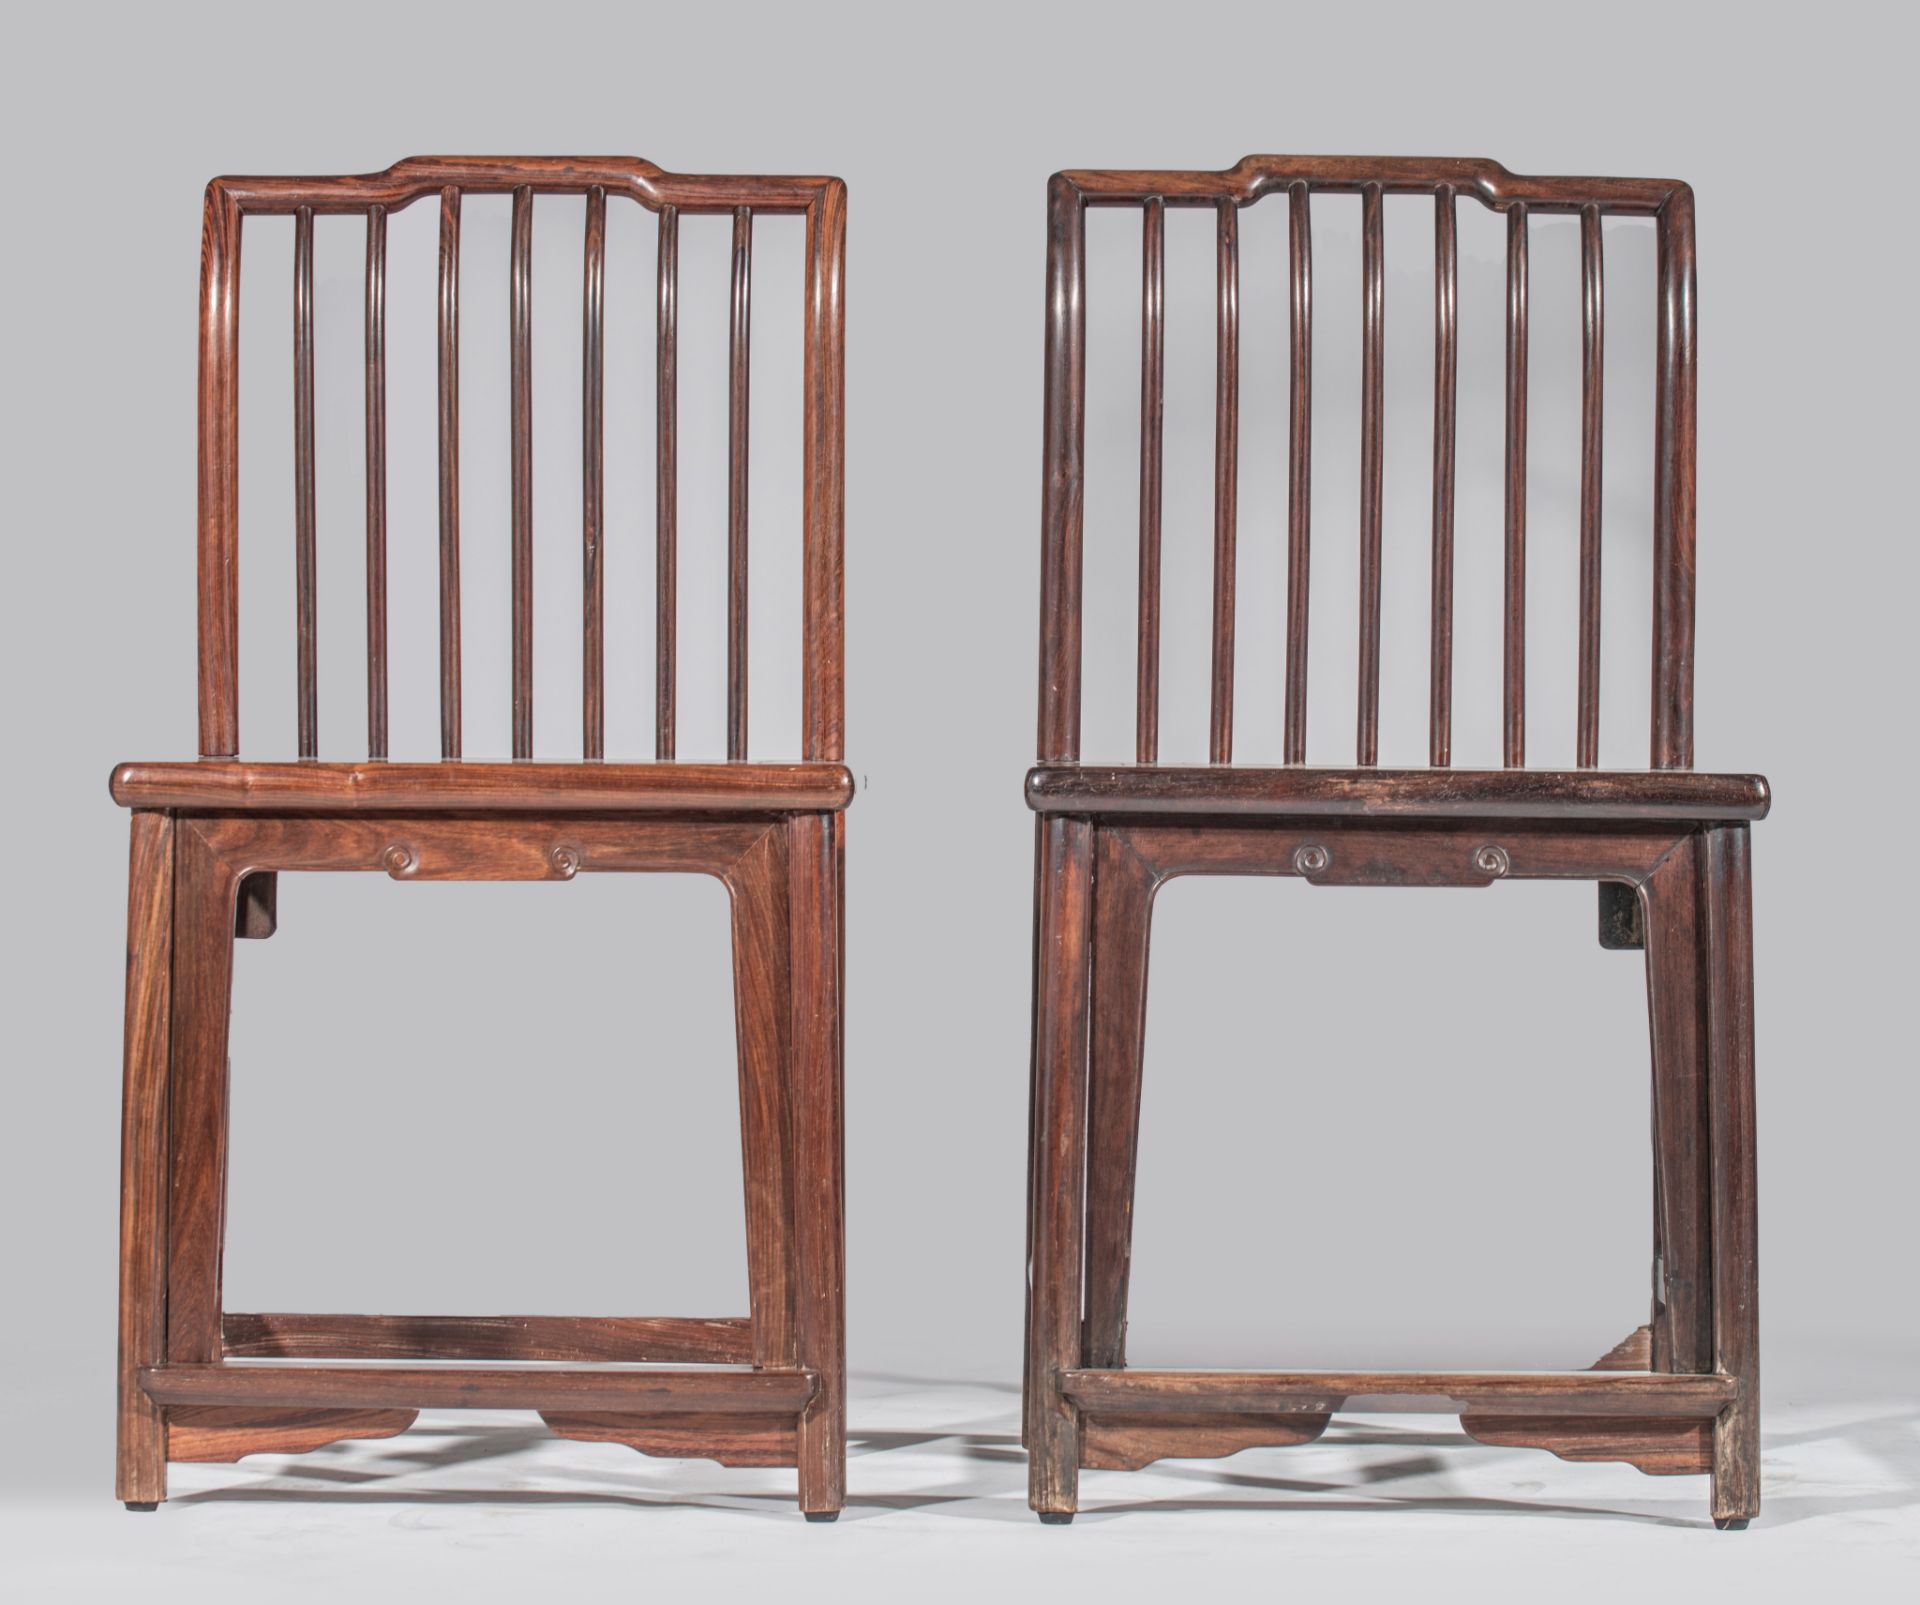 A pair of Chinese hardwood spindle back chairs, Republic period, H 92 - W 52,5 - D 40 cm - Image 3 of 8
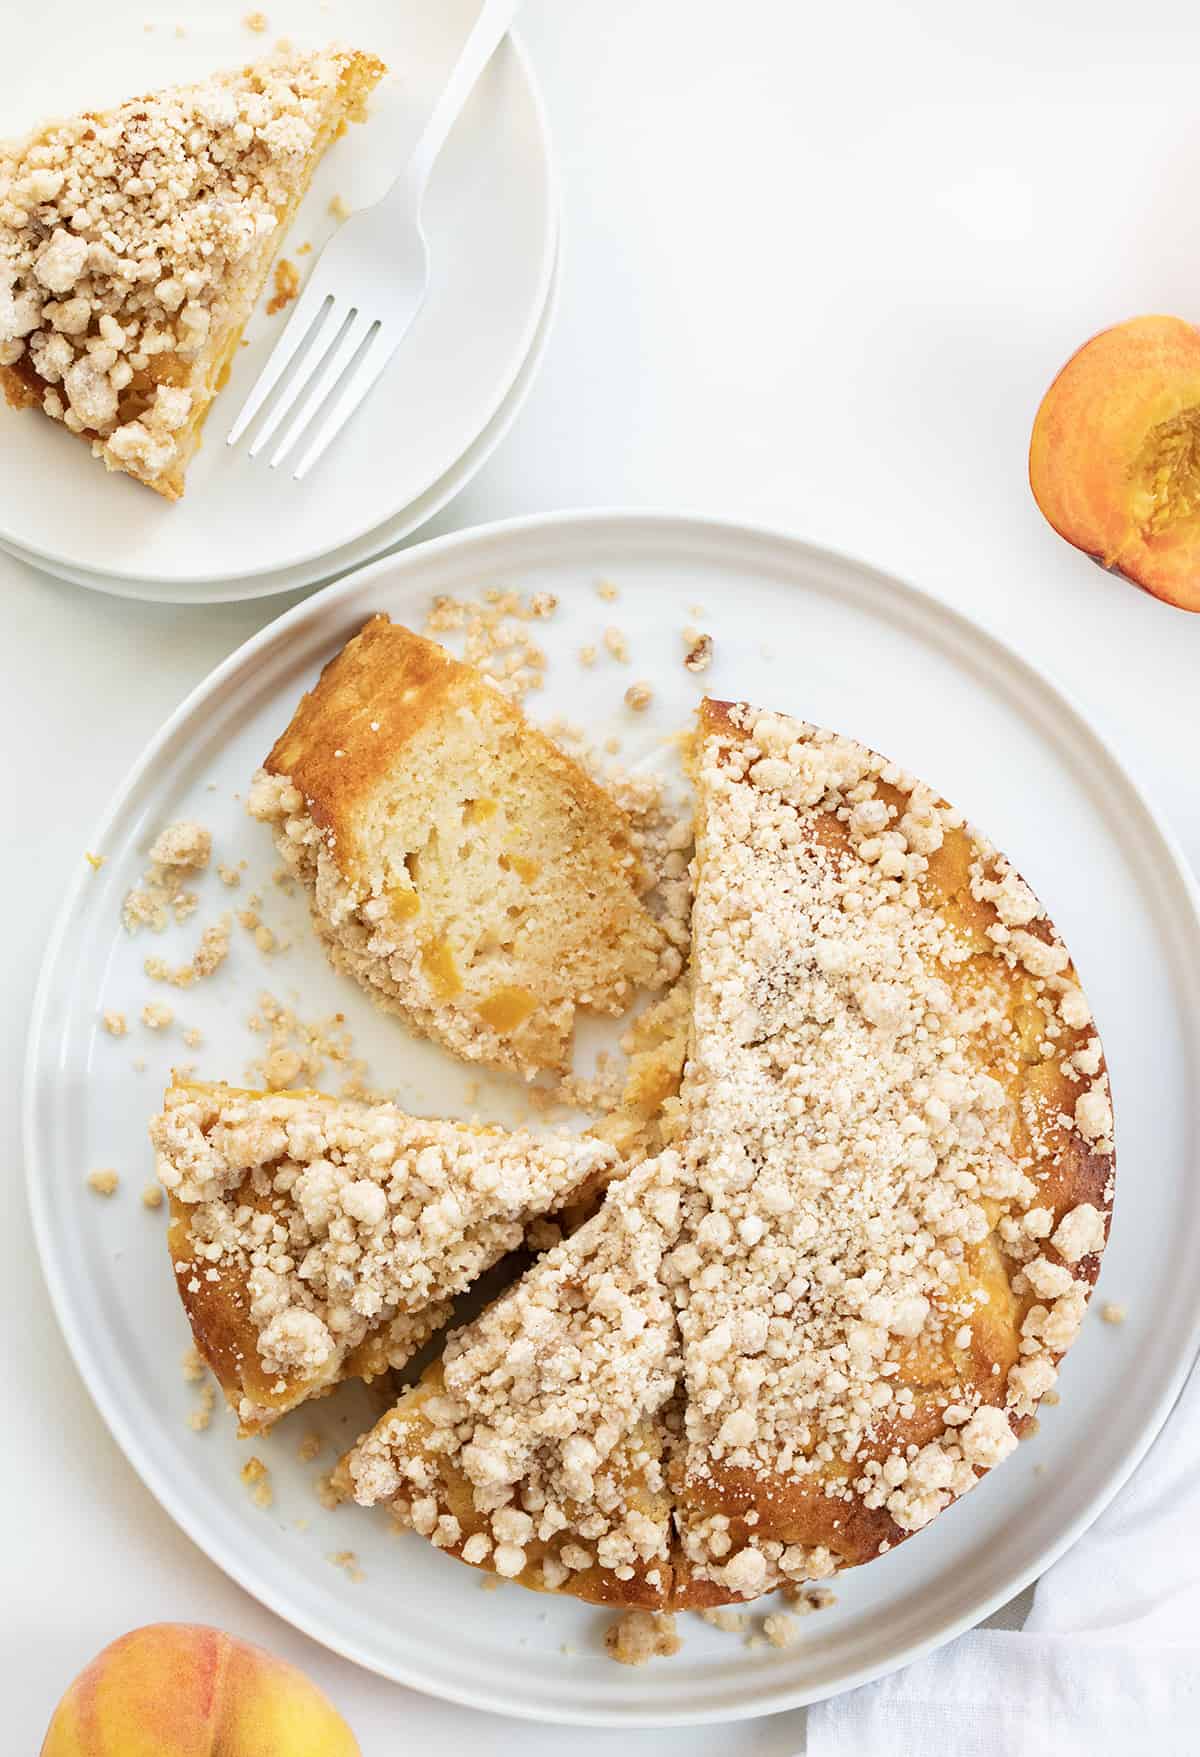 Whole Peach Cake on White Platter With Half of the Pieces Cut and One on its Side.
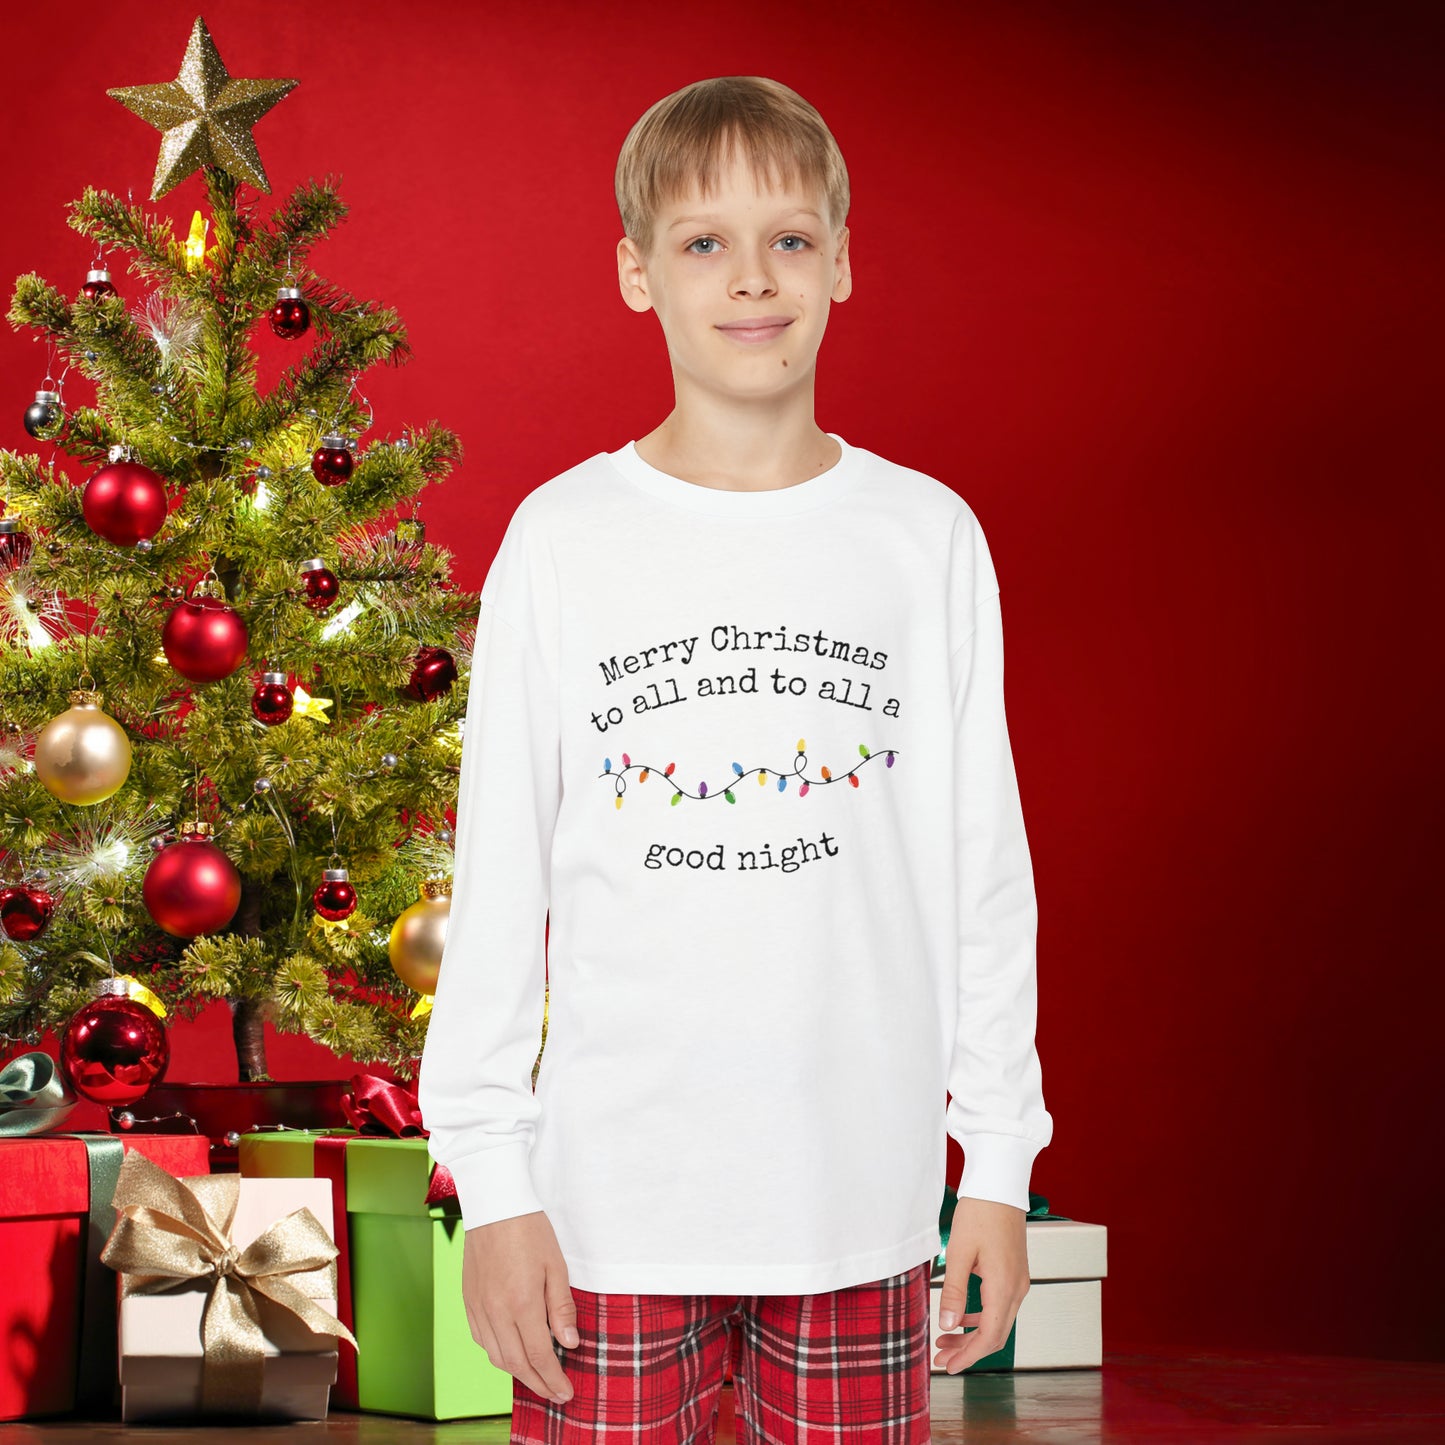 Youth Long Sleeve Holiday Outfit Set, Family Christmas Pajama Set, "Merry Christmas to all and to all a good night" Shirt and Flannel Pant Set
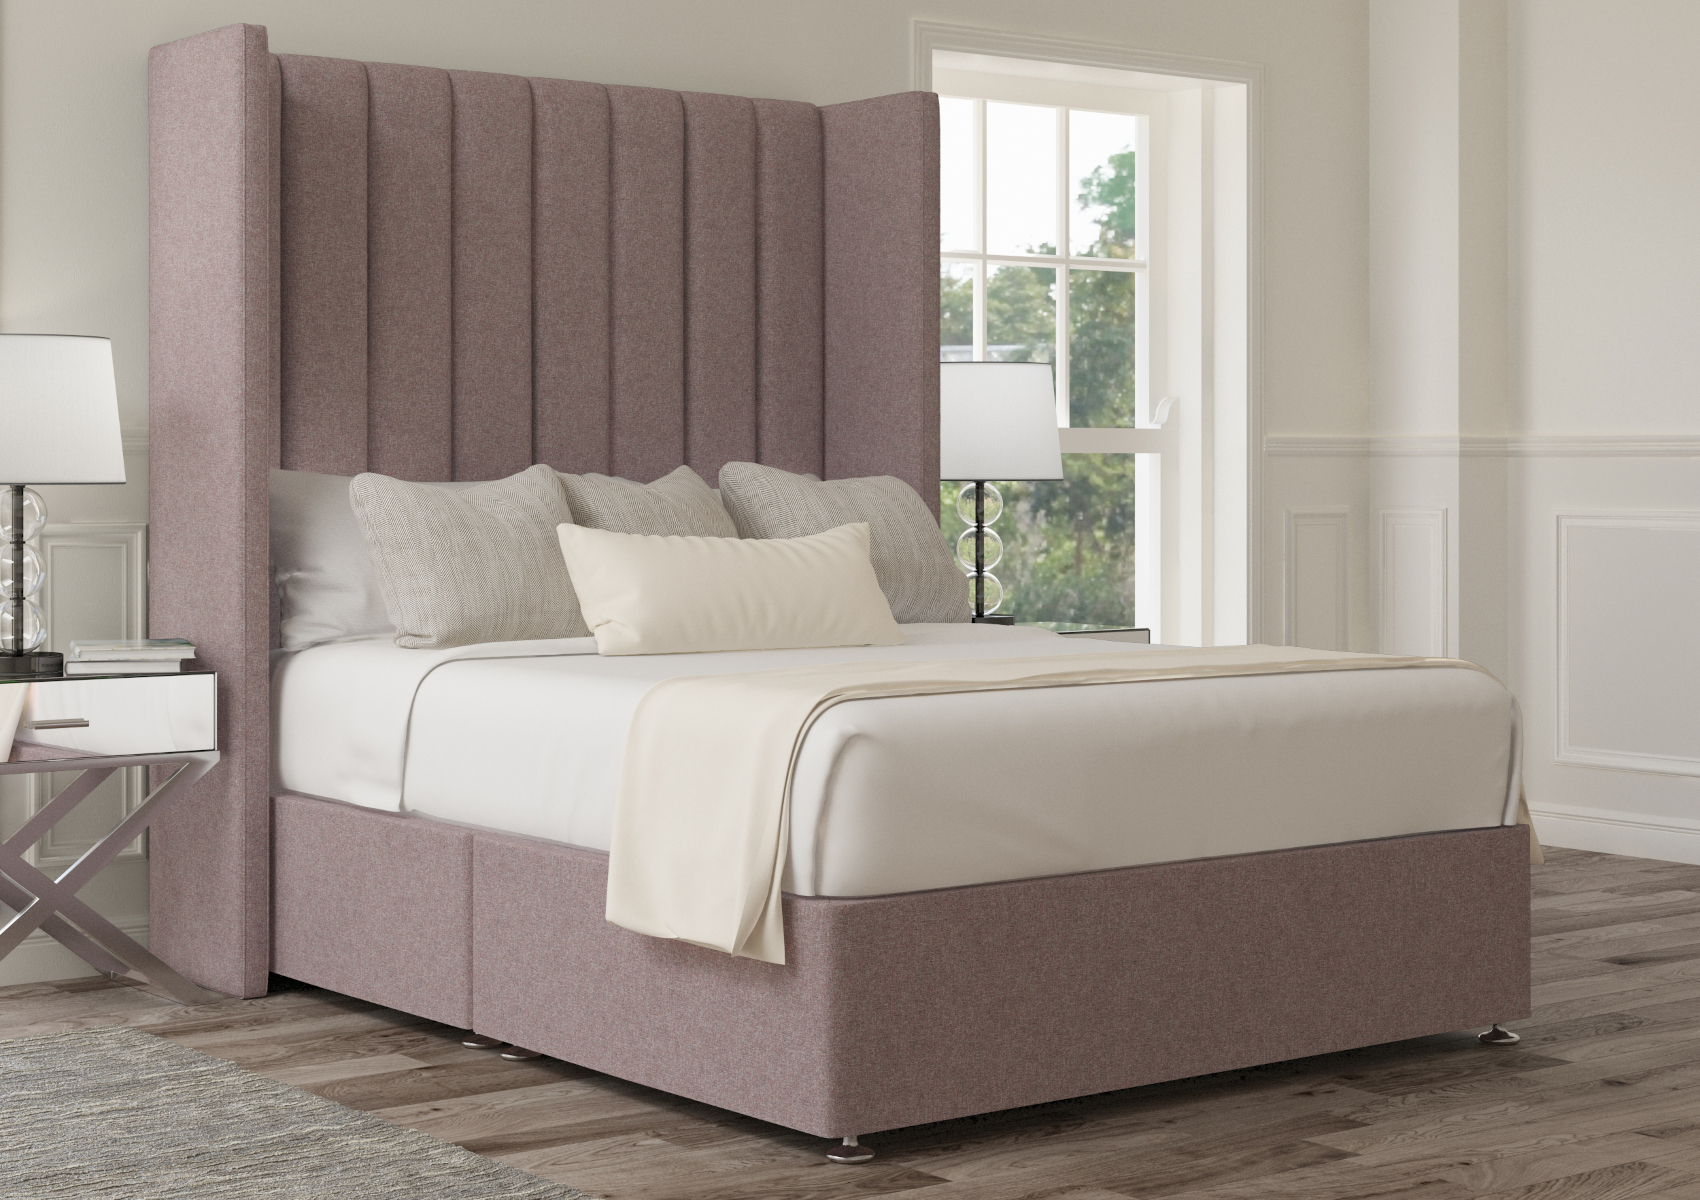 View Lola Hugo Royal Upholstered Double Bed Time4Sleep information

• _Work instructions_
Reproduce the material above in full and without alteration, but skip all pictures.

• _Solution for this exercise_
 A pair of Chinese hardwood spindle back chairs, Republic period, H 92 - W 52,5 - D 40 cm - Image 3 of 8
 Whole Peach Cake on White Platter With Half of the Pieces Cut and One on its Side.
 Youth Long Sleeve Holiday Outfit Set, Family Christmas Pajama Set, "Merry Christmas to all and to all a good night" Shirt and Flannel Pant Set
 View Lola Hugo Royal Upholstered Double Bed Time4Sleep information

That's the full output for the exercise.